There is more detail about the data and what you're predicting [on the Github page for the Natural Questions dataset](https://github.com/google-research-datasets/natural-questions/blob/master/README.md). This page also contains helpful utilities and scripts. Note that we are using the simplified text version of the data - most of the HTML tags have been removed, and only those necessary to break up paragraphs / sections are included.

### File descriptions

- **simplified-nq-train.jsonl** - the training data, in newline-delimited JSON format.
- **simplified-nq-kaggle-test.jsonl** - the test data, in newline-delimited JSON format.
- **sample_submission.csv** - a sample submission file in the correct format

### Data fields

- **document_text** - the text of the article in question (with some HTML tags to provide document structure).
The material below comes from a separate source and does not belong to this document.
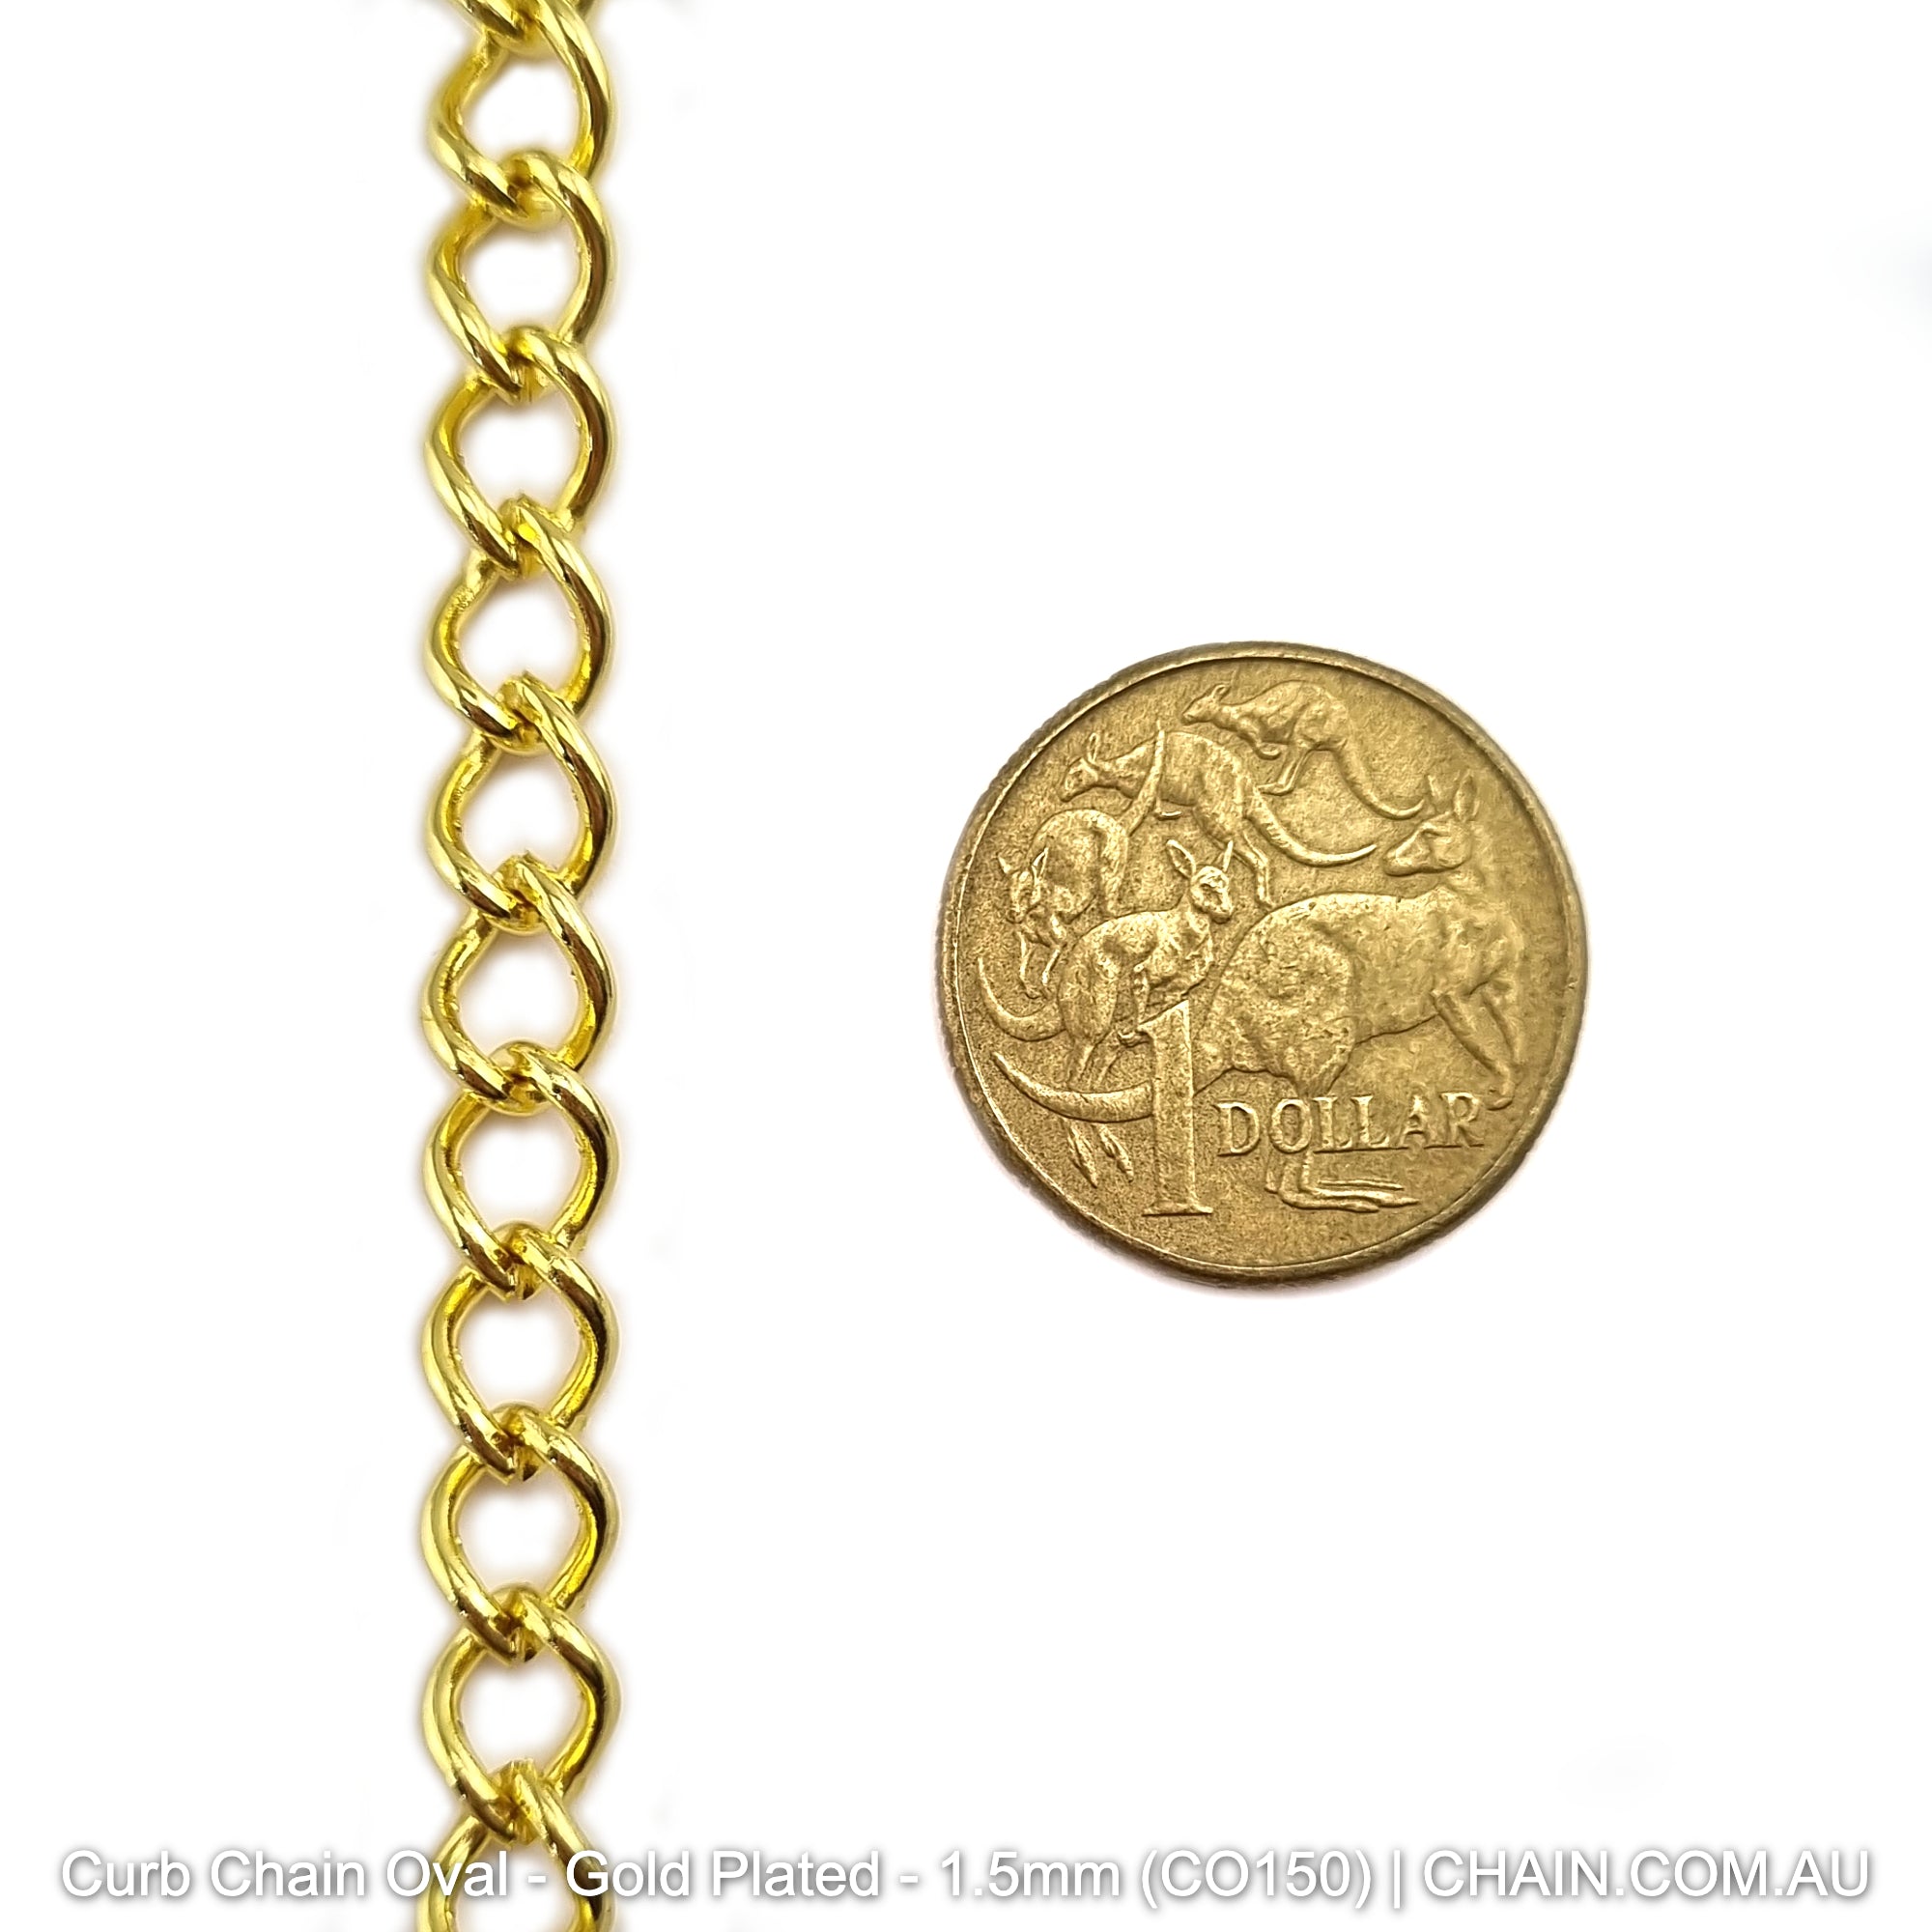 Oval Curb Chain in a Gold Plated Finish. Size: 1.5mm, CO150. Jewellery Chain, Australia wide shipping. Shop chain.com.au

The text can be tokenized by splitting on whitespace.
- **question_text** - the question to be answered
- **long_answer_candidates** - a JSON array containing all of the plausible long answers.
- **annotations** - a JSON array containing all of the correct long + short answers. Only provided for train.
- **document_url** - the URL for the full article. Provided for informational purposes only. This is NOT the simplified version of the article so indices from this cannot be used directly. The content may also no longer match the html used to generate document_text. Only provided for train.
- **example_id** - unique ID for the sample.